GIVEN INFORMATION:
——————

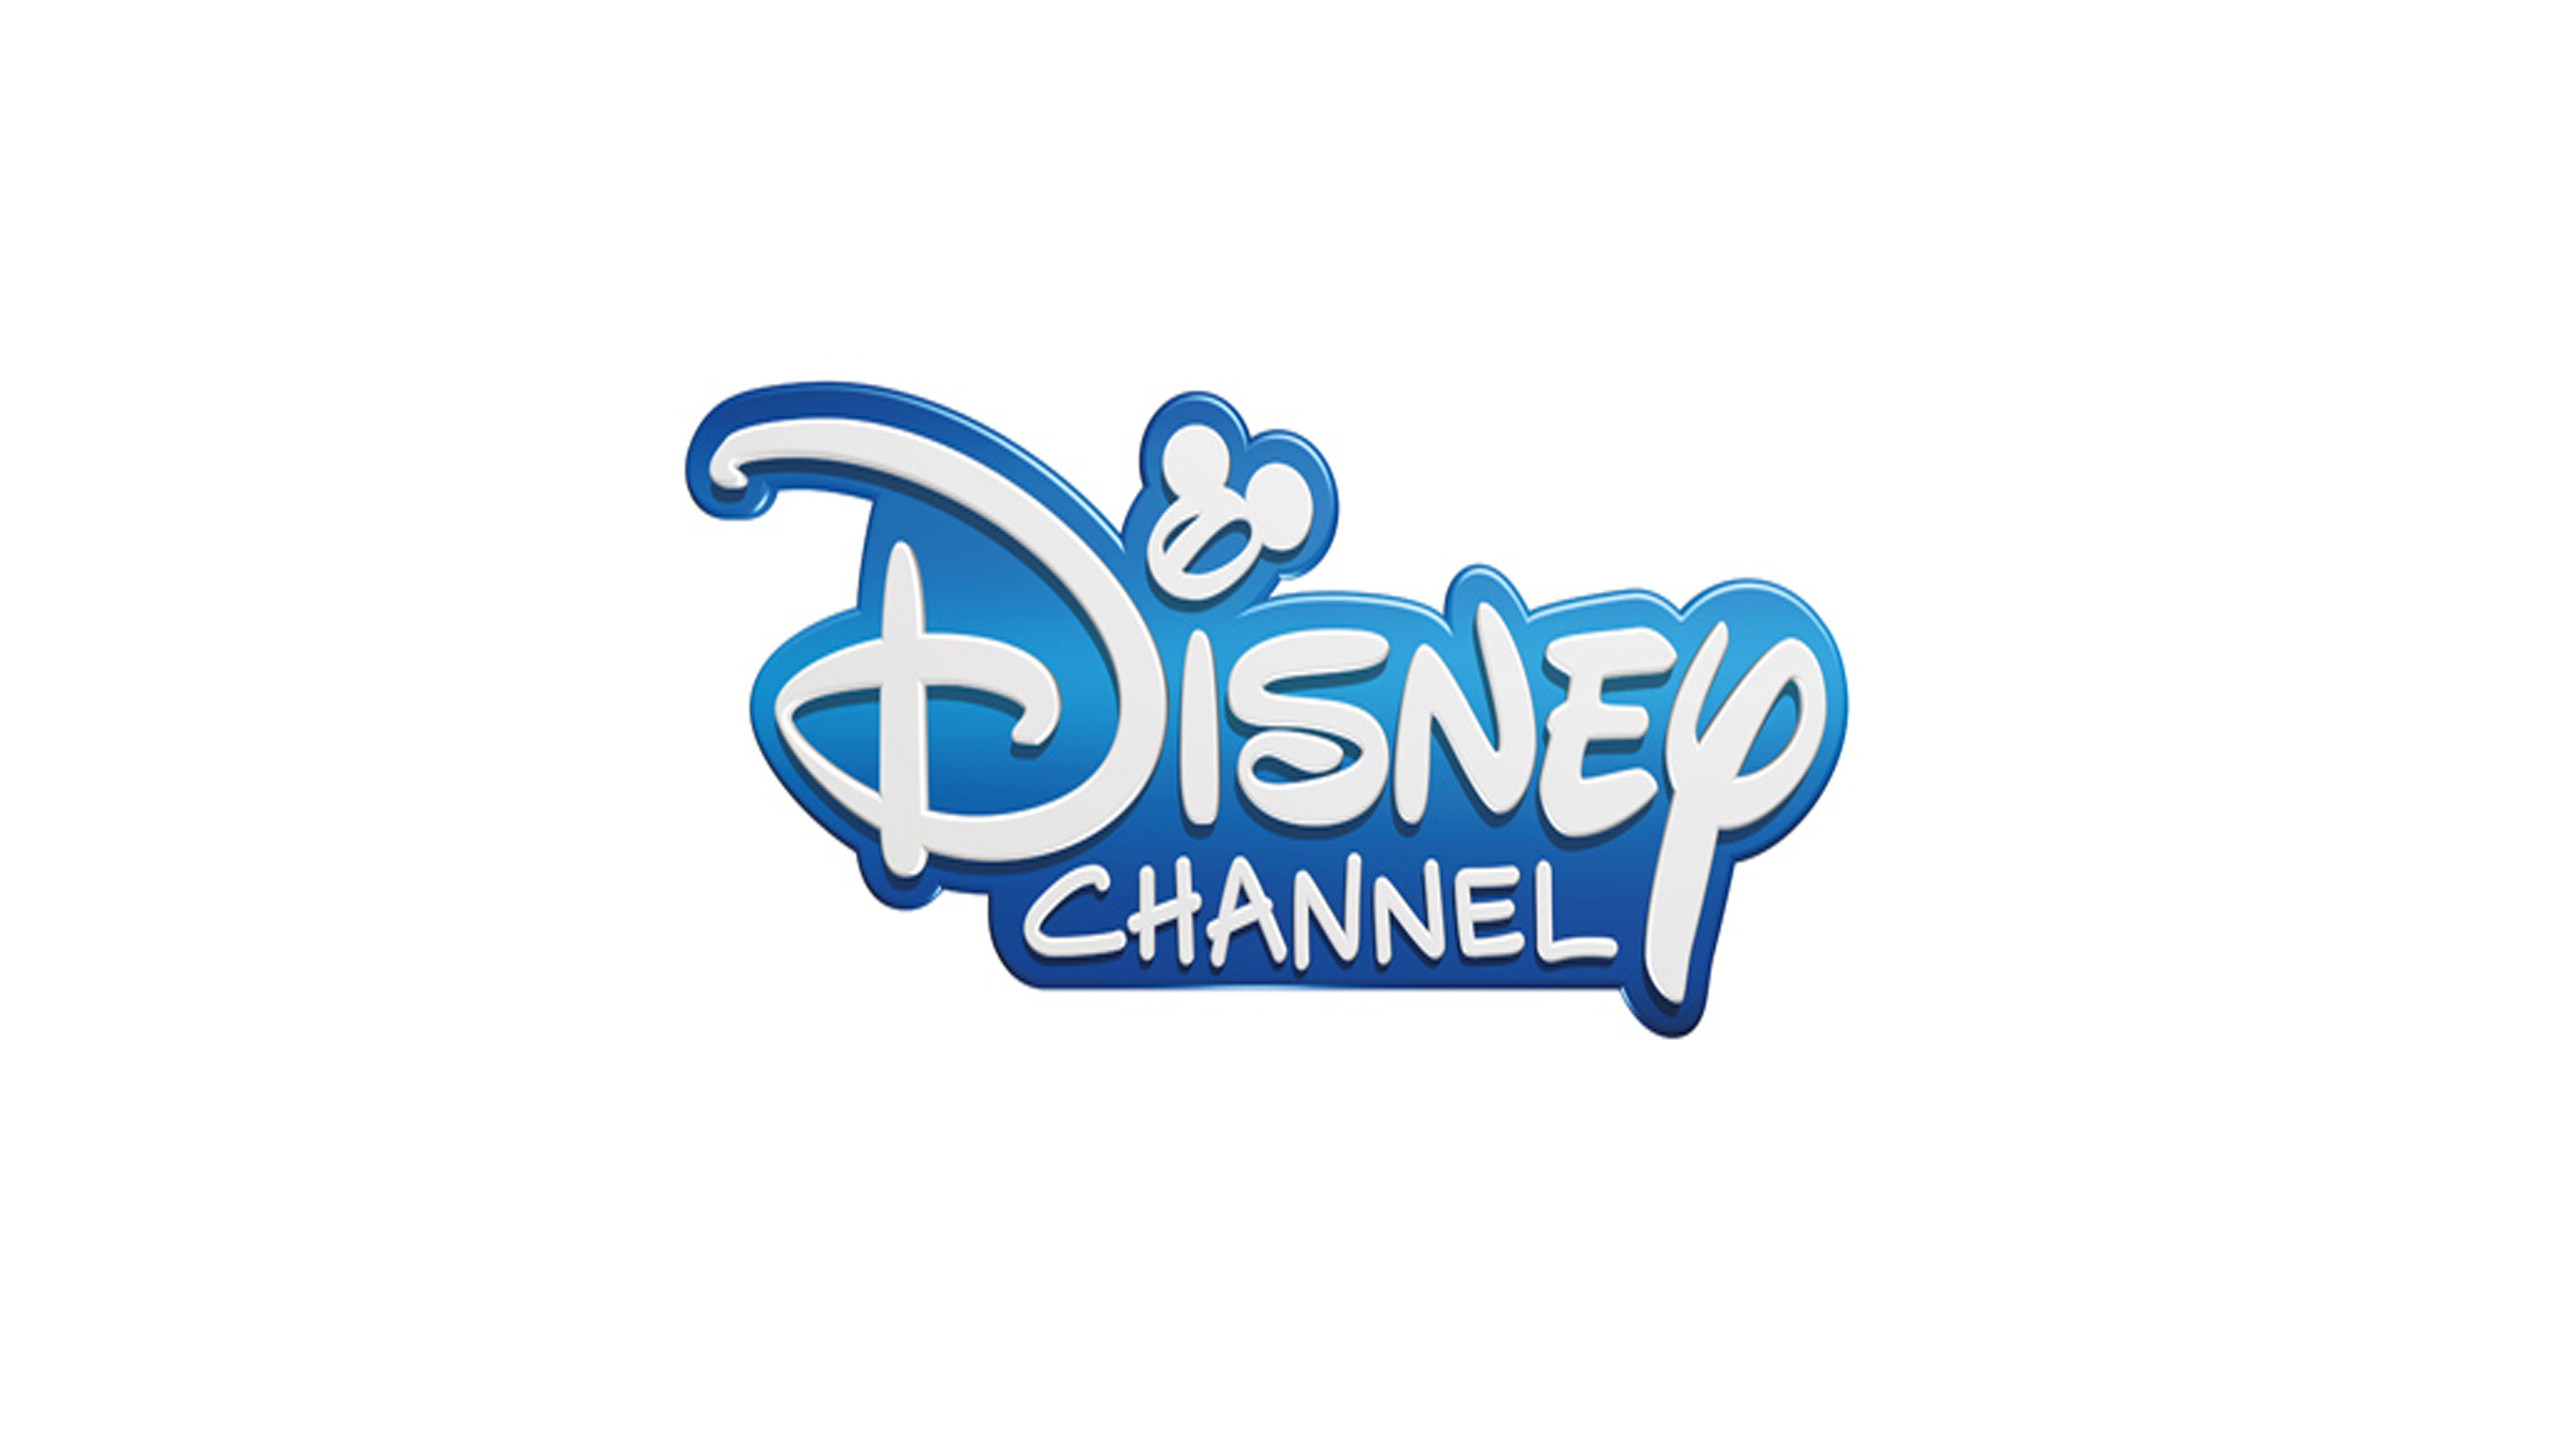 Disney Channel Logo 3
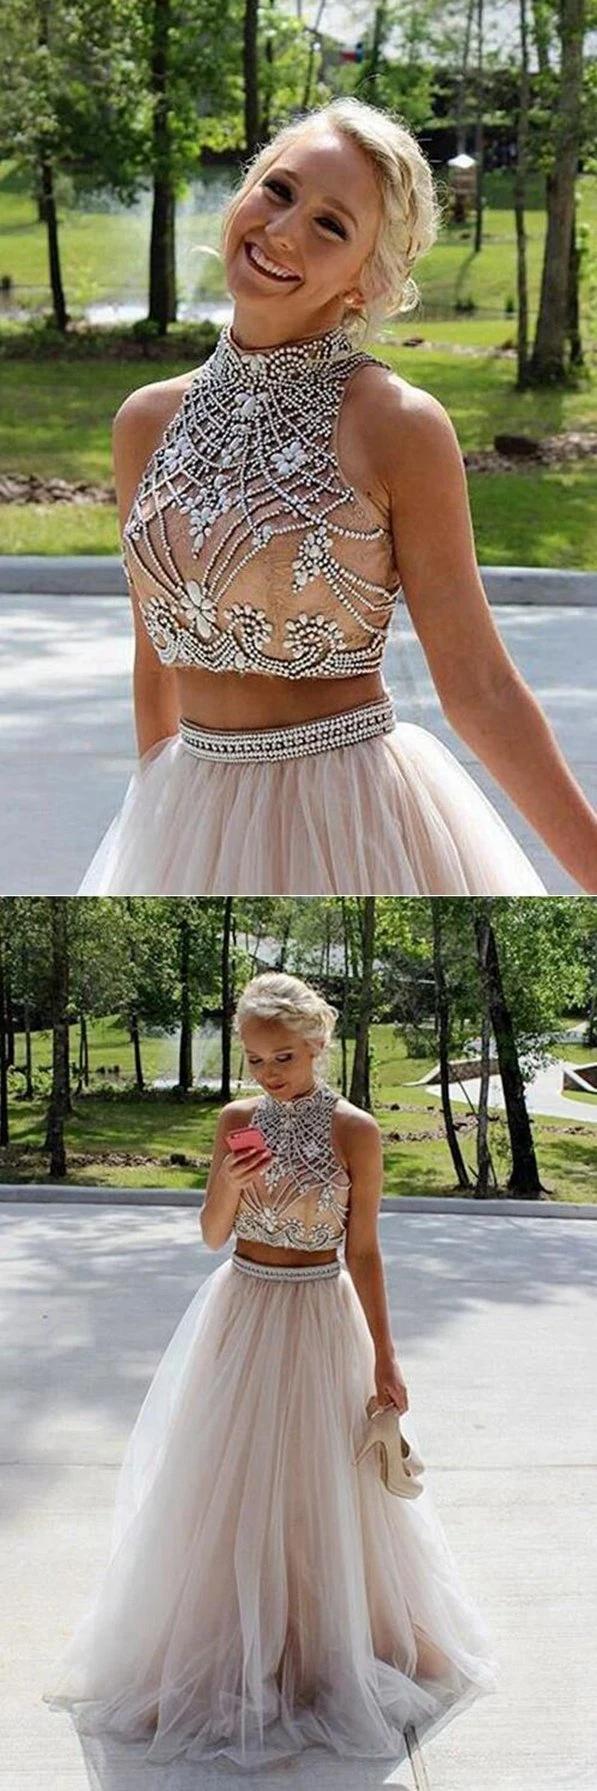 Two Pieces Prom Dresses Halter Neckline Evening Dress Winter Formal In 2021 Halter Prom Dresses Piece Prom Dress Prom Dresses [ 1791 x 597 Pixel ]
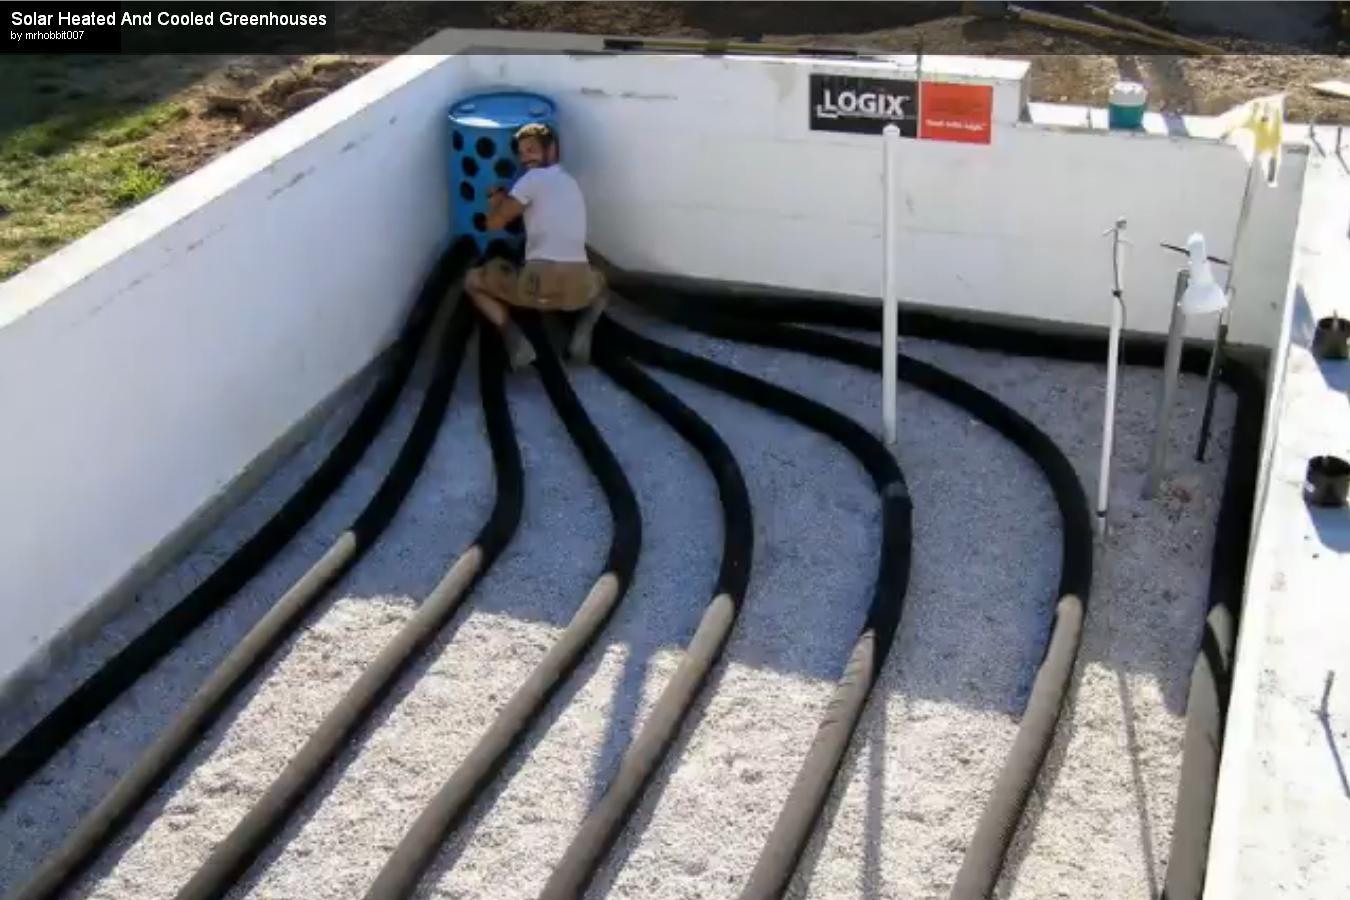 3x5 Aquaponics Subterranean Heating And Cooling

——————

TASK STATEMENT: Without including any picture, repeat the data exactly.

WRITTEN ANSWER:
 Disney Channel Logo 3
 Two Pieces Prom Dresses Halter Neckline Evening Dress Winter Formal In 2021 Halter Prom Dresses Piece Prom Dress Prom Dresses [ 1791 x 597 Pixel ]
 3x5 Aquaponics Subterranean Heating And Cooling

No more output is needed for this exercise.